## [Exercise]
The line with "Mức phạt cho" marks the first line to copy, and the line with "Bébé d'atteindre pour" marks the last. Transcribe that stretch of the data below exactly, without pictures.

** Provided material follows **

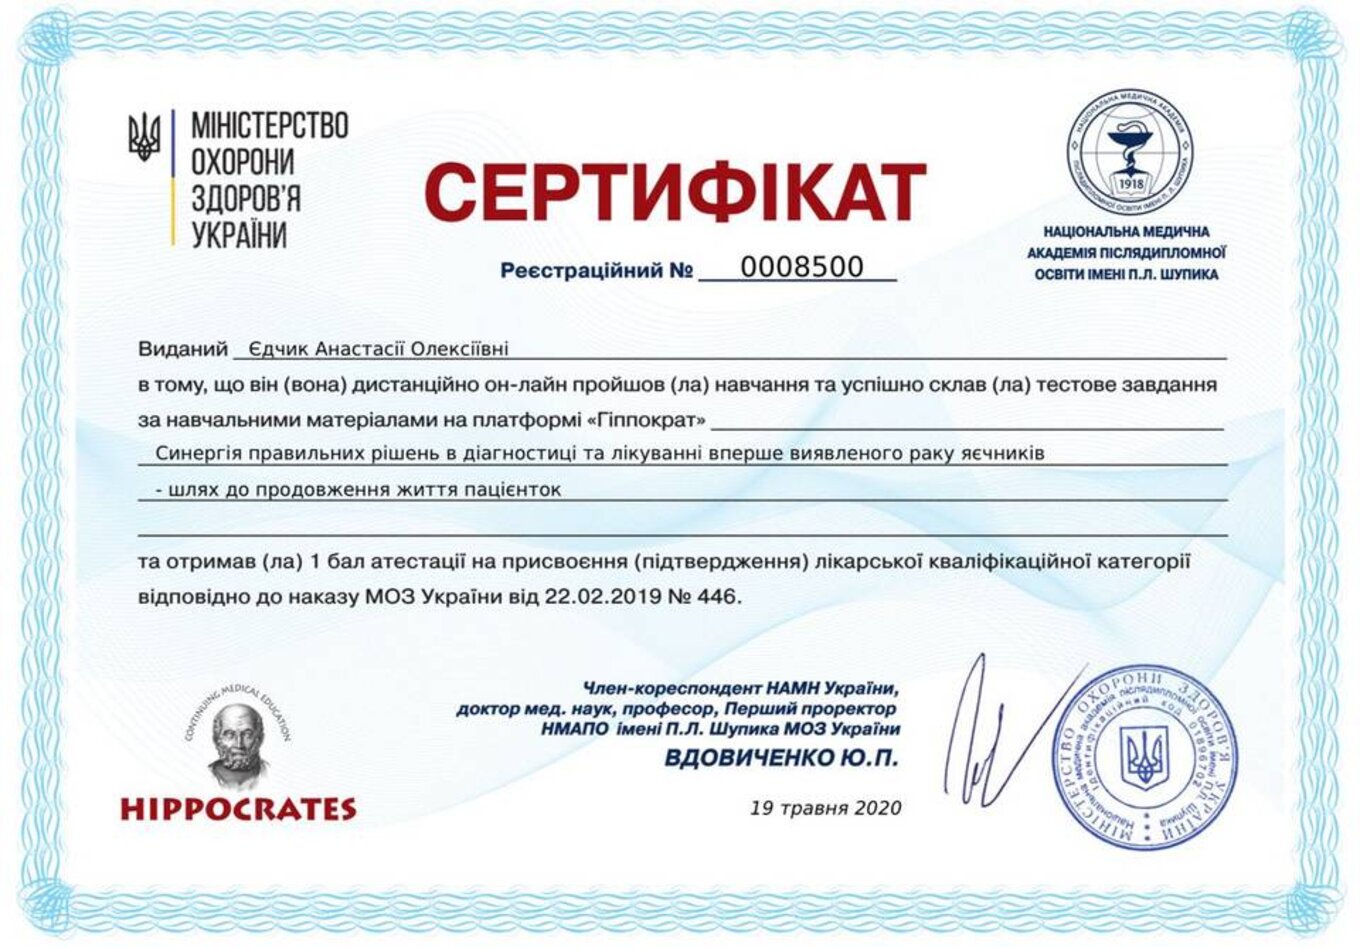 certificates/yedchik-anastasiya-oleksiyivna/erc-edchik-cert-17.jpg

** End of Provided material **
** Provided material follows **

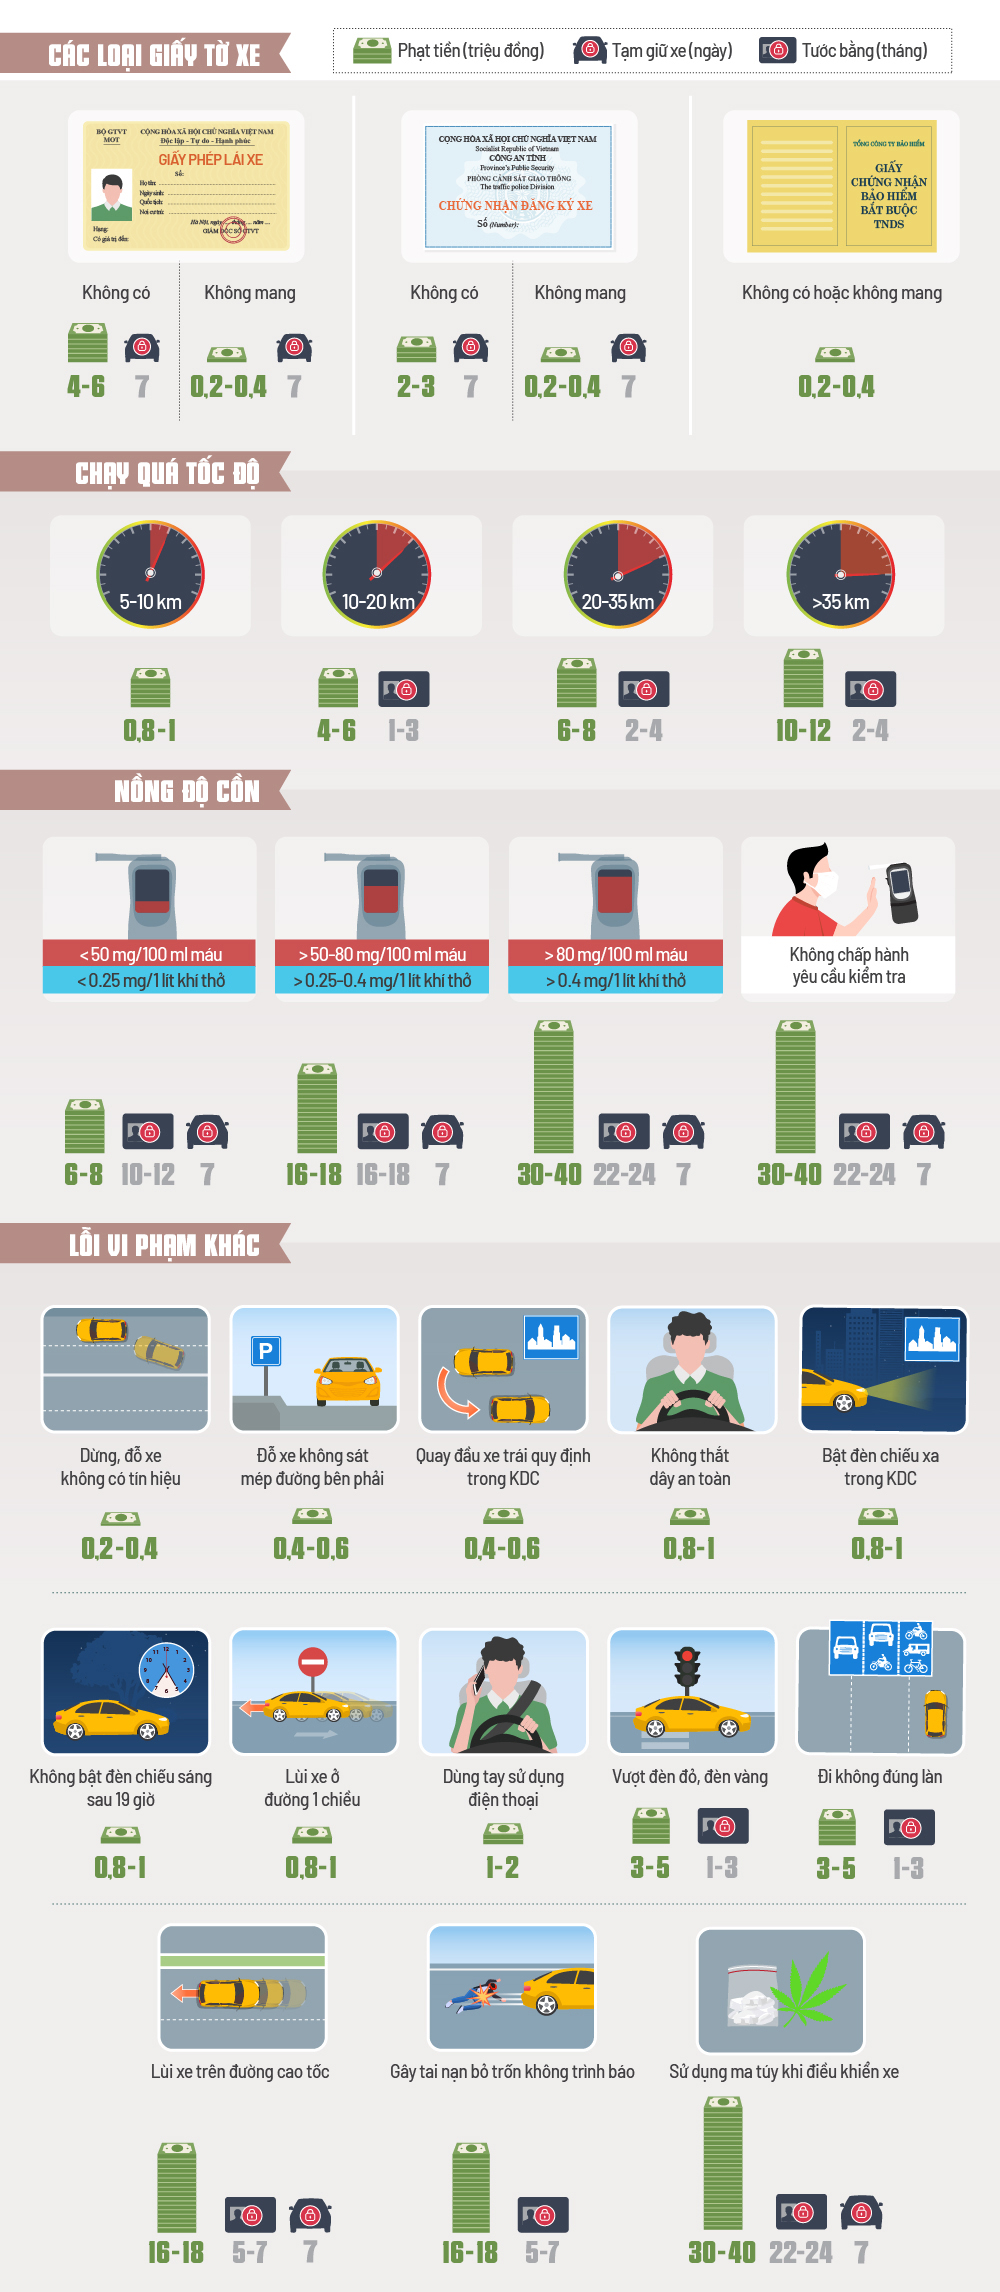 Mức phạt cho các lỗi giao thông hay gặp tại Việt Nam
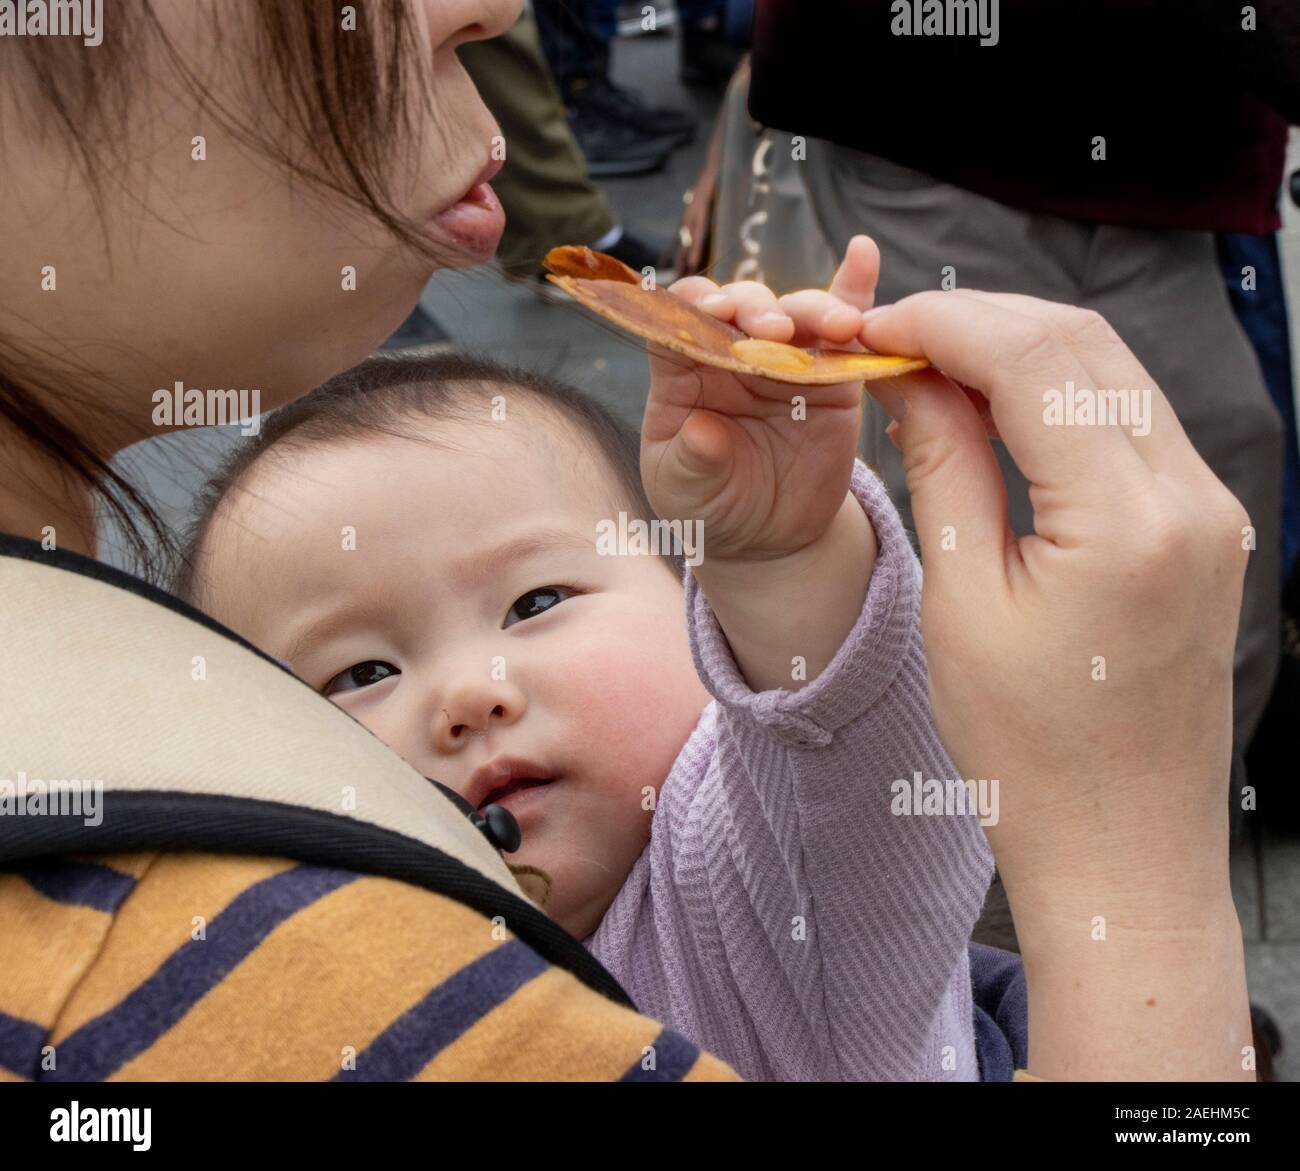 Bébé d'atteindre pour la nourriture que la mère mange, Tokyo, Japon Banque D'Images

** End of Provided material **
** Provided material follows **

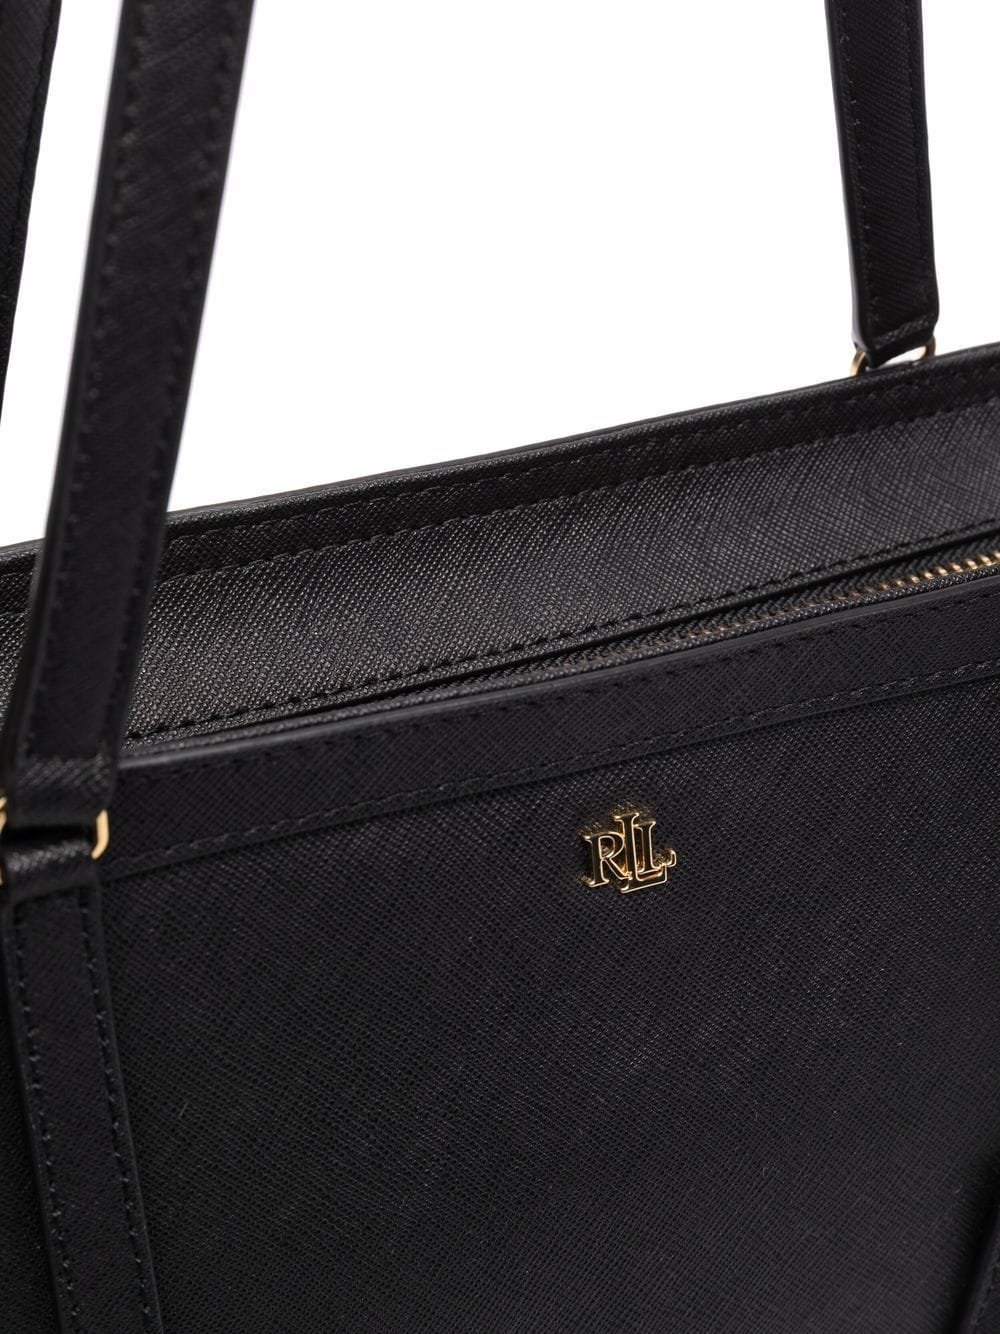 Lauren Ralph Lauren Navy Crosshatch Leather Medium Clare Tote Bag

** End of Provided material **

## [Task answer]
 Mức phạt cho các lỗi giao thông hay gặp tại Việt Nam
 Bébé d'atteindre pour la nourriture que la mère mange, Tokyo, Japon Banque D'Images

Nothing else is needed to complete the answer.